Step 4: Observe performance

After the inference service starts, the internal network bandwidth of the ECS instance changes as follows within one minute:

image

The network traffic on the ECS instance shows that the combined baseline bandwidth of the dual ENIs is continuously saturated at 100 Gbit/s:

image (1)

The following table shows the actual statistics from this test and compares them with other loading solutions such as ossfs.

Loading tool

End-to-end startup time for the inference service (includes OSS access and model loading)

OSS single-account bandwidth limit

Actual bandwidth used

Total data read from OSS

OSS Connector for AI/ML

81s

100 Gbit/s

100 Gbit/s

664 GB

ossfs 2.0

257s

100 Gbit/s

20 Gbit/s

666 GB

ossfs 1.0

1020s

100 Gbit/s

6.4 Gbit/s

782 GB

Deployment solution for large-scale inference nodes

Accelerate the startup of large-scale inference nodes with a P2P solution

OSS Connector for AI/ML can work with a self-developed peer-to-peer (P2P) distribution system to efficiently share and transfer the same model data among multiple nodes. This P2P system is designed for typical inference deployment scenarios where multiple nodes load the same data simultaneously. It significantly reduces the access pressure on the central data source (OSS) and improves overall bandwidth utilization. The system supports an on-demand distribution mechanism and can perform random and streaming reads of large files. It prioritizes reducing the access latency of individual data fragments while ensuring accuracy. Additionally, the underlying design supports high-concurrency access, meeting the requirements of large-scale inference tasks for both distribution efficiency and stability.

  • Effective peak shaving and throttling: By sharing data between nodes, the system significantly reduces the load on OSS bandwidth during the concurrent startup of many inference nodes. This greatly reduces the instantaneous pressure on the central data source.

  • Sustained high performance: The system relies on the connector to pull raw data from OSS, fully leveraging the connector's performance to ensure low latency and high throughput for initial data access.

  • Native support for horizontal scaling: The system supports large-scale horizontal scaling of inference nodes and provides excellent concurrent startup capabilities.
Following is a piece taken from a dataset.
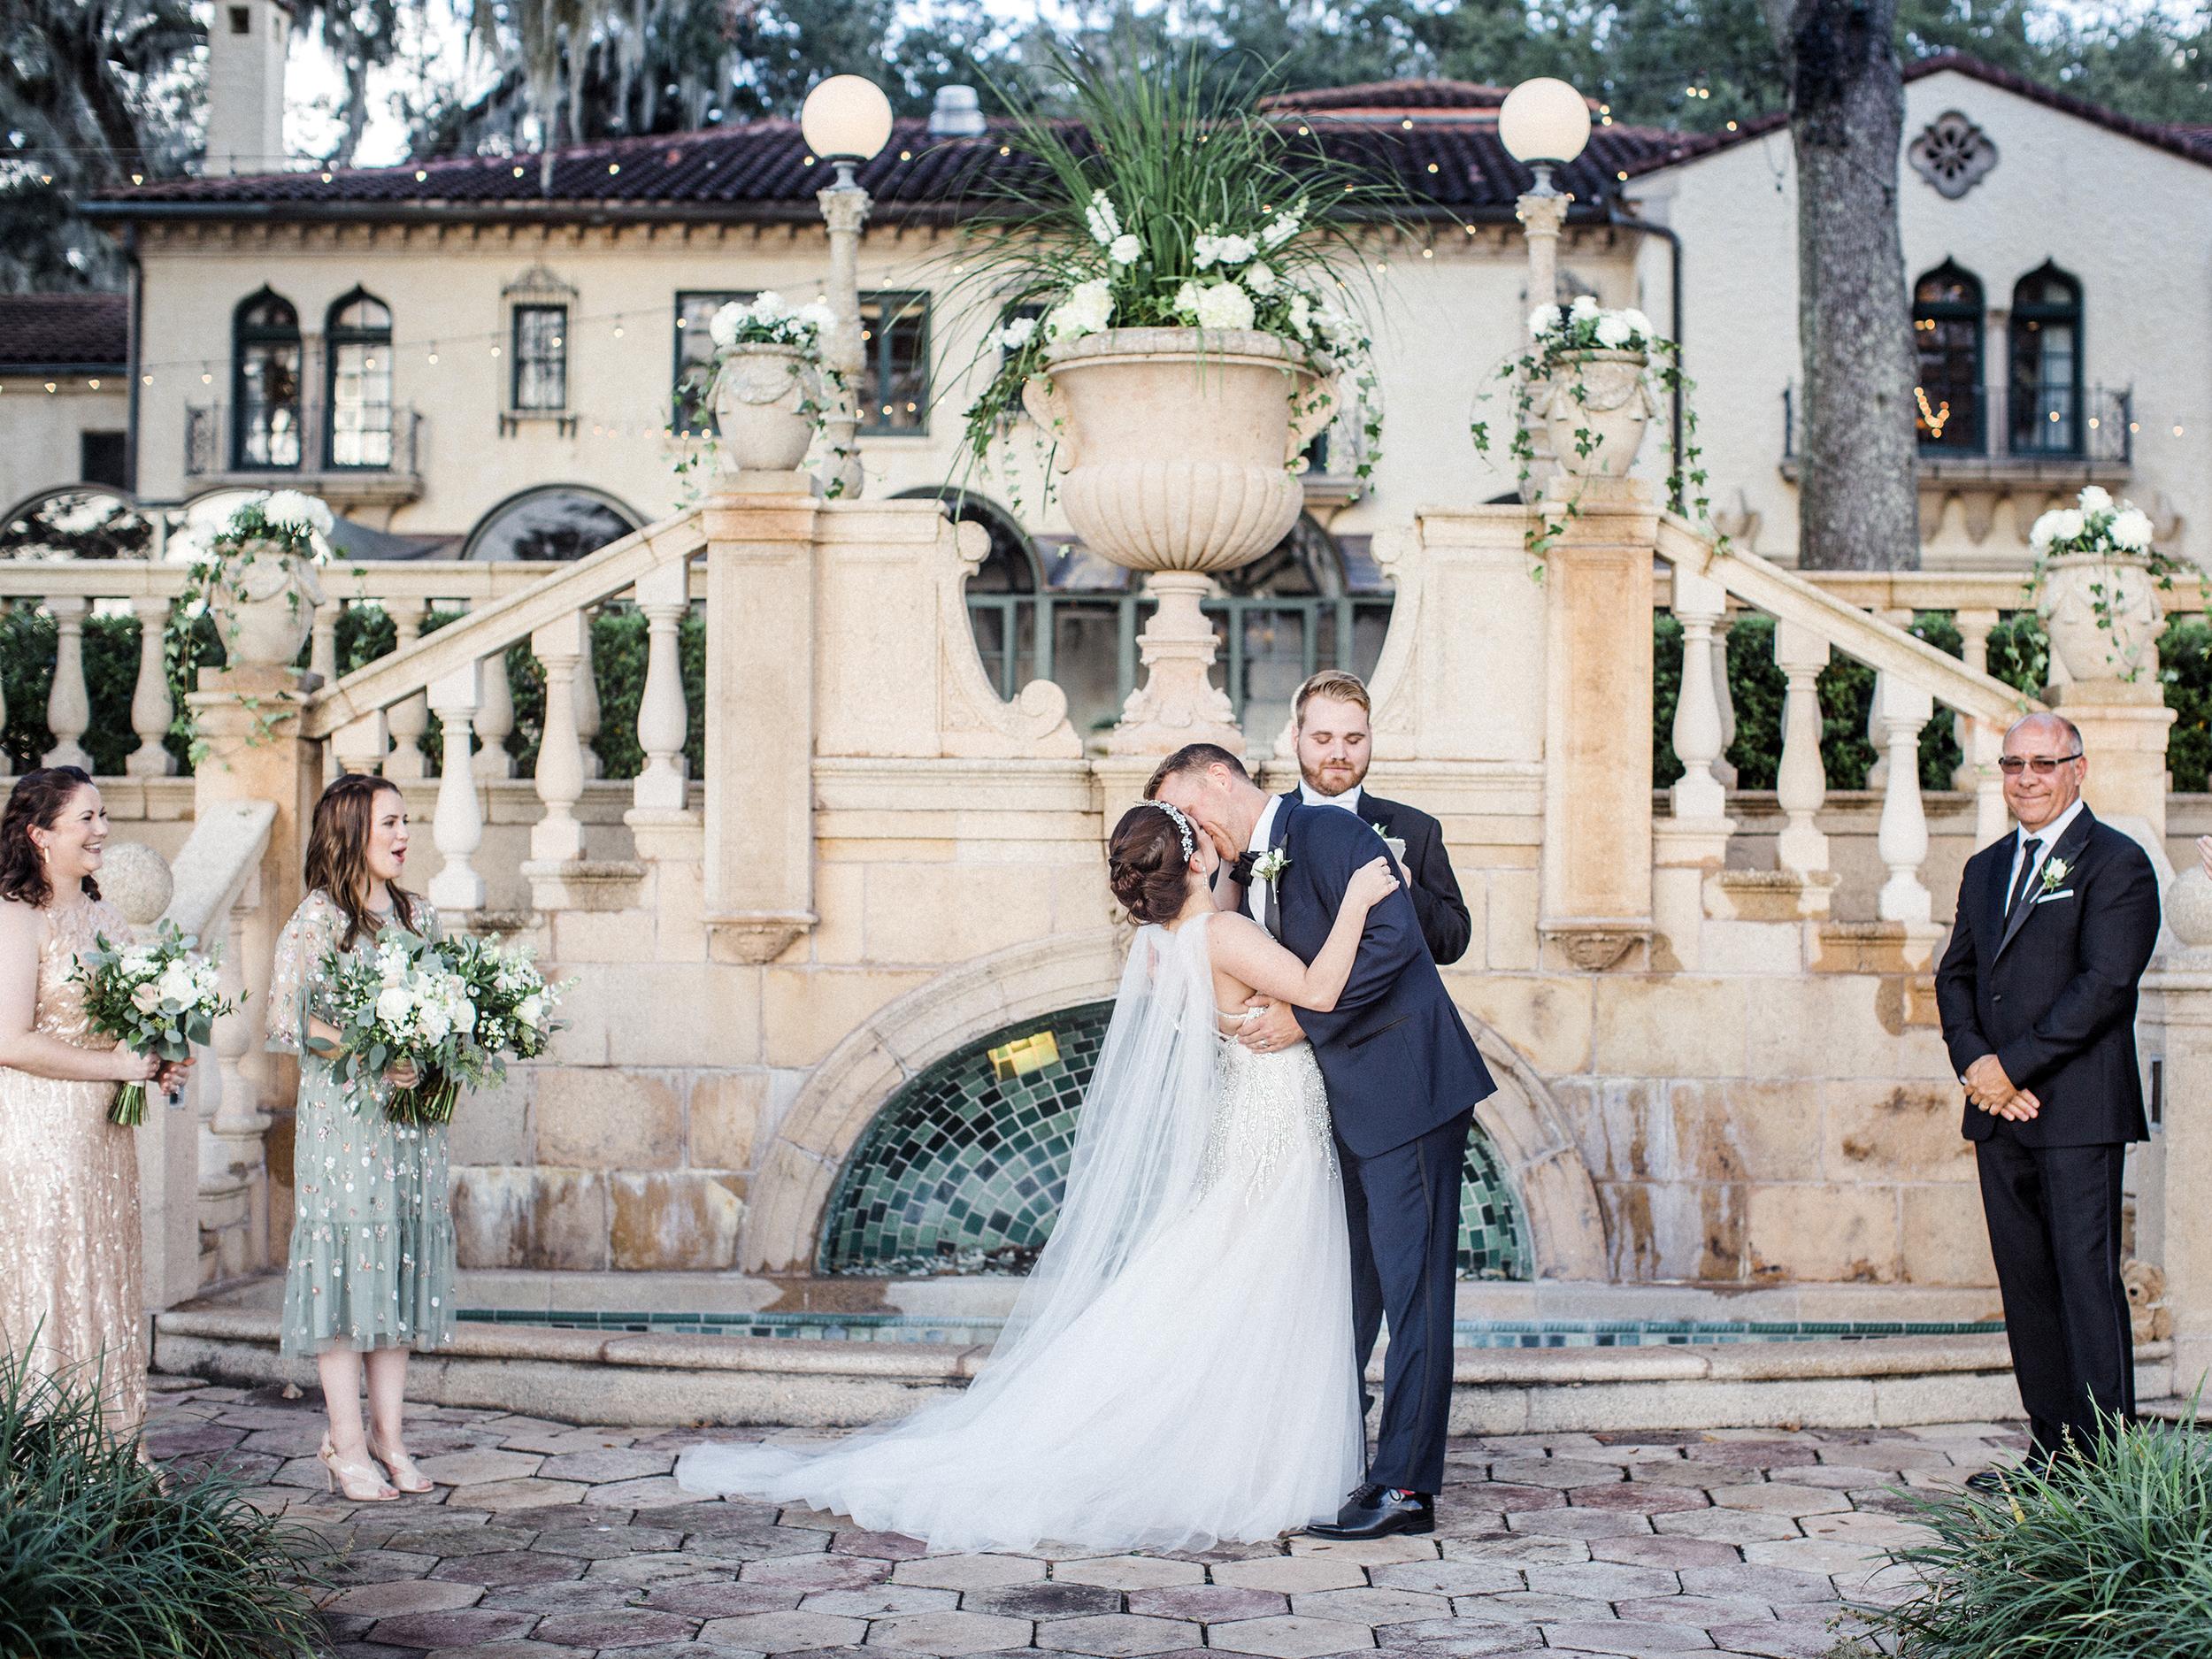 Lisa Silva Photography- Jacksonville, Florida Fine Art Film Wedding Photography Epping Forrest Yacht Club 42.jpg

Even in a cluster with hundreds of nodes, the startup time is similar to that of a single node.

  • Significant reduction in back-to-origin traffic: Through local caching and the P2P distribution mechanism, the system minimizes repeated data pulls. This effectively controls the back-to-origin traffic of OSS and improves overall resource utilization efficiency.

Test environment and method

  1. Use the Q8 quantized version of the DeepSeek-R2 model in GGUF format, with a total size of 664 GB. The inference framework is llama.cpp.

  2. Use 50 ecs.g8i.48xlarge ECS instances to build an inference cluster. This test uses Container Service for Kubernetes (ACK) to manage and deploy the inference cluster. The inference service runs as the main process in a container, ensuring efficient and stable service startup. This enables flexible scheduling and resource management in a containerized environment.

  3. The startup log timestamp of the llama.cpp inference framework is used as a reference point to determine when model loading is complete. This measures the time from startup until the model is available.

  4. Measurements are taken independently on each inference node. The following key performance indicators (KPIs) are collected: the average and longest loading times for each node, and the total amount of data requested from OSS during the entire deployment process. These metrics provide a comprehensive evaluation of bandwidth utilization efficiency and overall system performance during model loading.

Test results

Average end-to-end startup time for the inference service (includes OSS access and model loading)

OSS single-account bandwidth limit

Total data read from OSS

127s

100 Gbit/s

1262 GB

Conclusion

In this test, the average end-to-end startup time for an inference node was approximately 1.5 times that of a single node. The test results show that even with a significant increase in the number of nodes, the overall deployment time did not increase substantially. Even in a high-concurrency environment, the system maintained stable loading performance and resource scheduling efficiency, demonstrating the solution's excellent horizontal scaling capabilities. Additionally, the total back-to-origin data volume for the entire cluster was only about twice the total model size. This approach effectively controlled the access overhead of the central storage service and significantly reduced the instantaneous bandwidth pressure on the backend storage service caused by concurrent model loading in a large-scale cluster.